Global mean annual sum (2007–2011) and spatial distribution of: (a) GOME-2 SIF; (b) JUNG up-scaled FLUXNET data-driven GPP product18; (c) ORCHIDEE prior GPP; (d) ORCHIDEE posterior GPP; (e) difference in ORCHIDEE simulated GPP (posterior – prior); (f) reduction in GPP uncertainty (1σ). The maps were created from the ORCHIDEE model simulations performed in this study, GOME-2 SIF data, and the JUNG product, using the Python programming language v2.7.13 (Python So ware Foundation – available at Matplotlib (v2.0.2) plotting library54 with the Basemap Toolkit ( See Section on Data Availability for GOME-2 SIF and JUNG product availability, the ORCHIDEE model licence information and ORCHIDEE code availability.

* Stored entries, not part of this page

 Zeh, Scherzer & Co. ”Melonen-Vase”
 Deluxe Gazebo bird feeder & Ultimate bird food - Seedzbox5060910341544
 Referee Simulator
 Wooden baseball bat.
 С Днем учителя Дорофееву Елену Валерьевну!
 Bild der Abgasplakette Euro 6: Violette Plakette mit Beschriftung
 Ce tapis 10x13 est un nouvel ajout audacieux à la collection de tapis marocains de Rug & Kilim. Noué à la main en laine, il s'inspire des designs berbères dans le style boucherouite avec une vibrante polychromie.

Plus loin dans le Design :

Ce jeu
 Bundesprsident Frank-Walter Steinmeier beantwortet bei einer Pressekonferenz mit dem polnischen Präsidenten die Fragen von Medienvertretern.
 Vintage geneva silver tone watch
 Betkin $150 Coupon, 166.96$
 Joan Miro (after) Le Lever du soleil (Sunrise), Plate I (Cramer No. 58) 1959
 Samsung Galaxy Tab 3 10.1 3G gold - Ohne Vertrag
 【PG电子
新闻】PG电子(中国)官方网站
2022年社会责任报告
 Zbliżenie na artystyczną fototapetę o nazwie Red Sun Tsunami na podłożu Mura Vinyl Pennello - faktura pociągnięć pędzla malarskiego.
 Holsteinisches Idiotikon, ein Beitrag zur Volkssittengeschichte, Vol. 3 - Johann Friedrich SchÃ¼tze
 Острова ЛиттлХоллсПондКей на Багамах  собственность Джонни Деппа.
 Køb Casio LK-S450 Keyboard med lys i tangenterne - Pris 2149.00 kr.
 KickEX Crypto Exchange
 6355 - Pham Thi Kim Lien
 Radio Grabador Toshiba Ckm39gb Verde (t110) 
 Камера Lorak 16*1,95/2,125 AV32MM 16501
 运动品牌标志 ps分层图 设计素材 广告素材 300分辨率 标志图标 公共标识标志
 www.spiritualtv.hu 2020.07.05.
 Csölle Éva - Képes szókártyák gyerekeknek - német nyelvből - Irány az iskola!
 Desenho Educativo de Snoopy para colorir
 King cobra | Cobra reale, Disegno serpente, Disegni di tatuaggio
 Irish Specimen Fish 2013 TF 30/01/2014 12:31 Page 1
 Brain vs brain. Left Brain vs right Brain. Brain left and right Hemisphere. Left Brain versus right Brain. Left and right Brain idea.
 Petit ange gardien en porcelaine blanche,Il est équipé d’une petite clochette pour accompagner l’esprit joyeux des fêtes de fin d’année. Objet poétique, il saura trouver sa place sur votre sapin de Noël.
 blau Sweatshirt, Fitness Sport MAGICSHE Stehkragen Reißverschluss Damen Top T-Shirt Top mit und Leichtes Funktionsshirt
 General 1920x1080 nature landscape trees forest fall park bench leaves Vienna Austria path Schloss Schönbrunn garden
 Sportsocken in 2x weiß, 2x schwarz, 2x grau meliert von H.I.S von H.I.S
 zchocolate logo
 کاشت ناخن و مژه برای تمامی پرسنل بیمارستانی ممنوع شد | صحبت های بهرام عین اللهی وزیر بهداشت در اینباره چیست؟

Table 1 Annual GPP optimisation performance metrics – mean across different regions and PFTs (with a grid cell fraction greater than a given fraction – see Methods): (i) Columns 2 and 3: prior and posterior mean annual GPP (2007–2011) in PgC; (ii) Column 4: % reduction in the annual GPP uncertainty (1σ) (2007–2011); (iii) Columns 5 and 6: prior and posterior mean monthly correlation between GPP and SIF (2007–2011) at global scale and for each biome. Biomes are based on the Köppen-Geiger (KG) classification derived by Peel M. C. et al.53.

Interestingly, although arid biome mean annual GPP decreased slightly overall (Table 1), mean annual GPP increased in many dry/semi-arid zones including the Sahel, the dry tropics of North and South America, India, China and northern Australia (Fig. 1), due to a simulated higher GPP for C4 grasses and crops (and despite a decrease in tropical broadleaved deciduous tree productivity – Supplementary Table S2). Again, this result is broadly consistent with Fig. 7a in Parazoo N. C. et al.31. The increase in C4 GPP partially offset the observed reduction in GPP in tropical rainforests.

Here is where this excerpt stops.